Required work: An exact, complete printout of the listing is wanted, minus its images.

Data below:
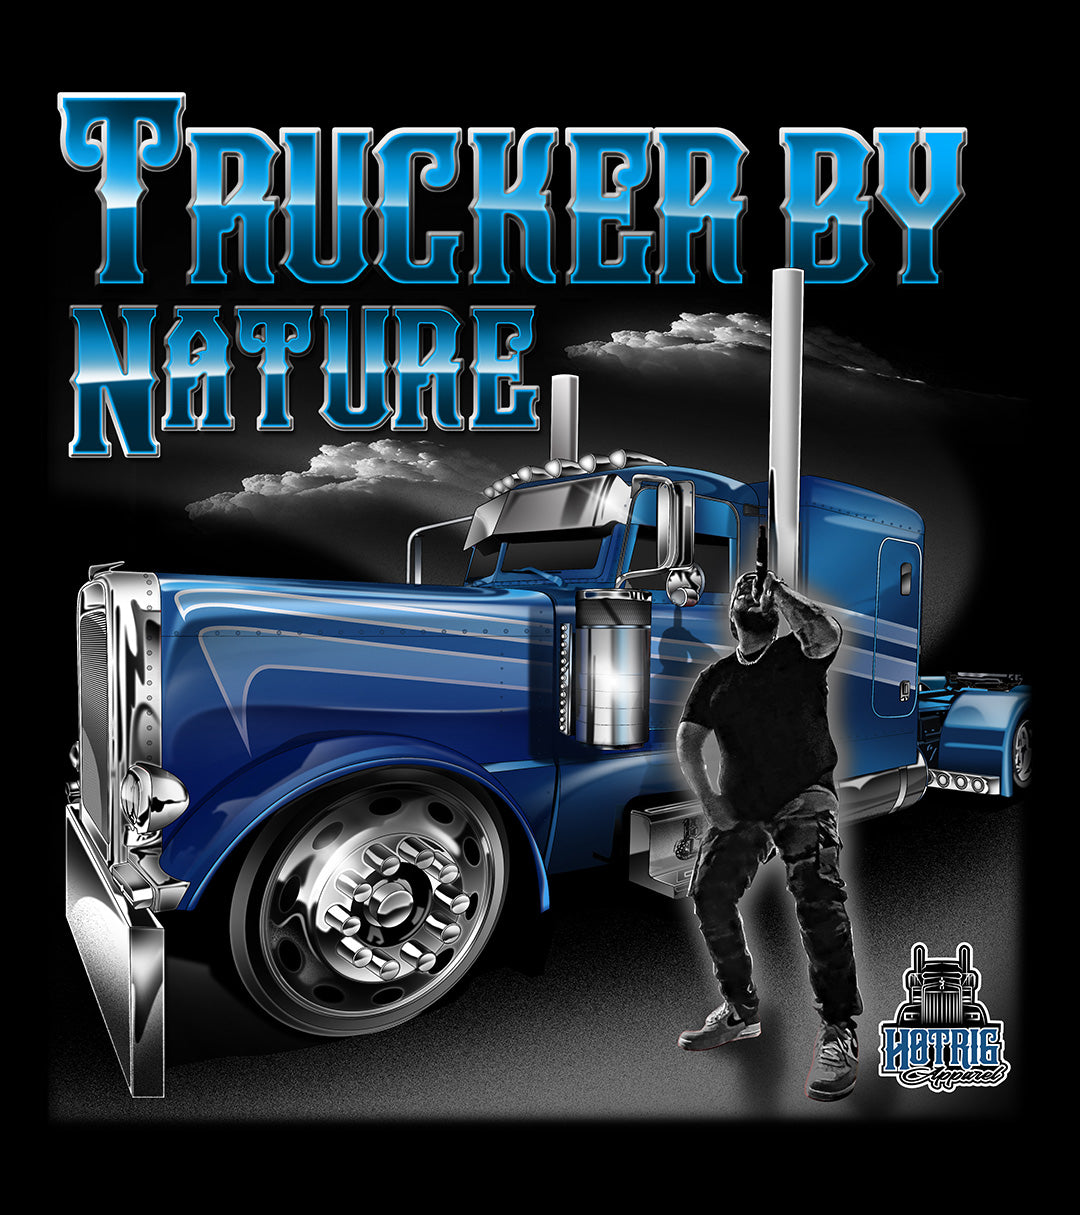 Trucker by Nature
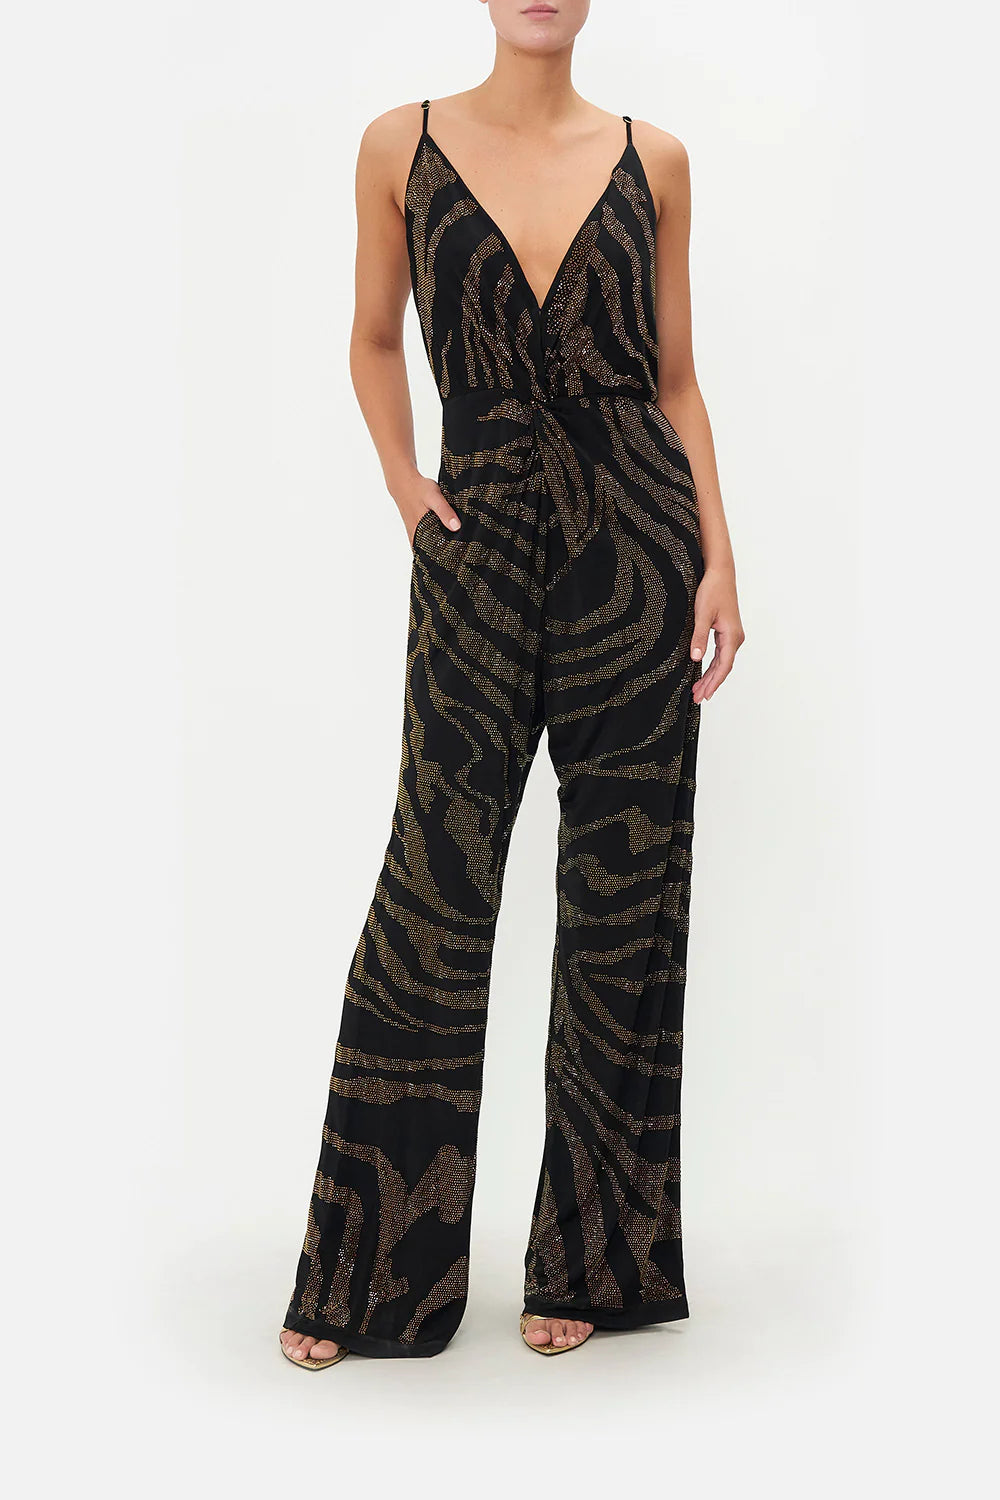 Camilla - Twist Front Jersey Jumpsuit in Tame My Tiger
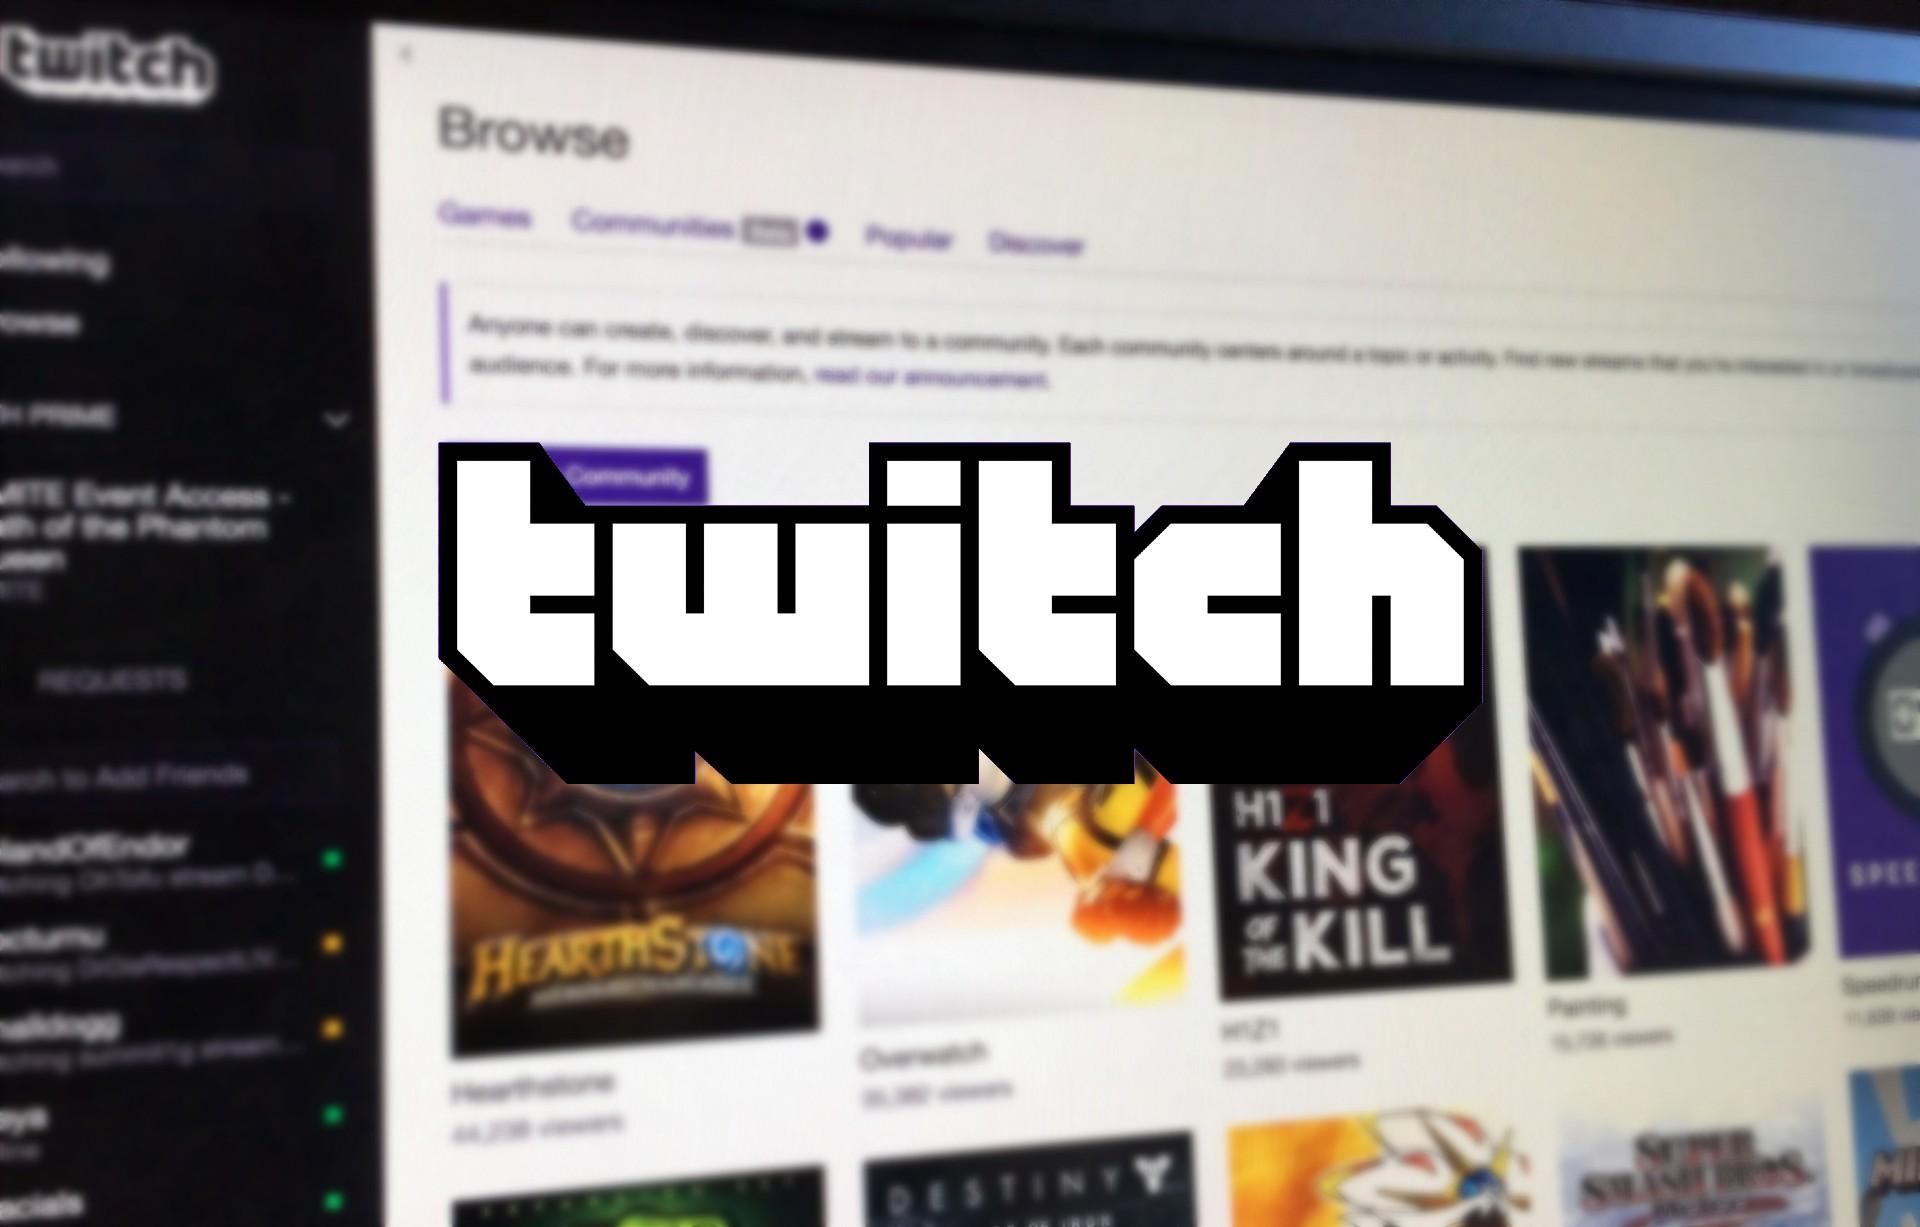 reportedly overhauling Twitch Prime to Prime Gaming

Output below:
 Trucker by Nature
 Camilla - Twist Front Jersey Jumpsuit in Tame My Tiger
 reportedly overhauling Twitch Prime to Prime Gaming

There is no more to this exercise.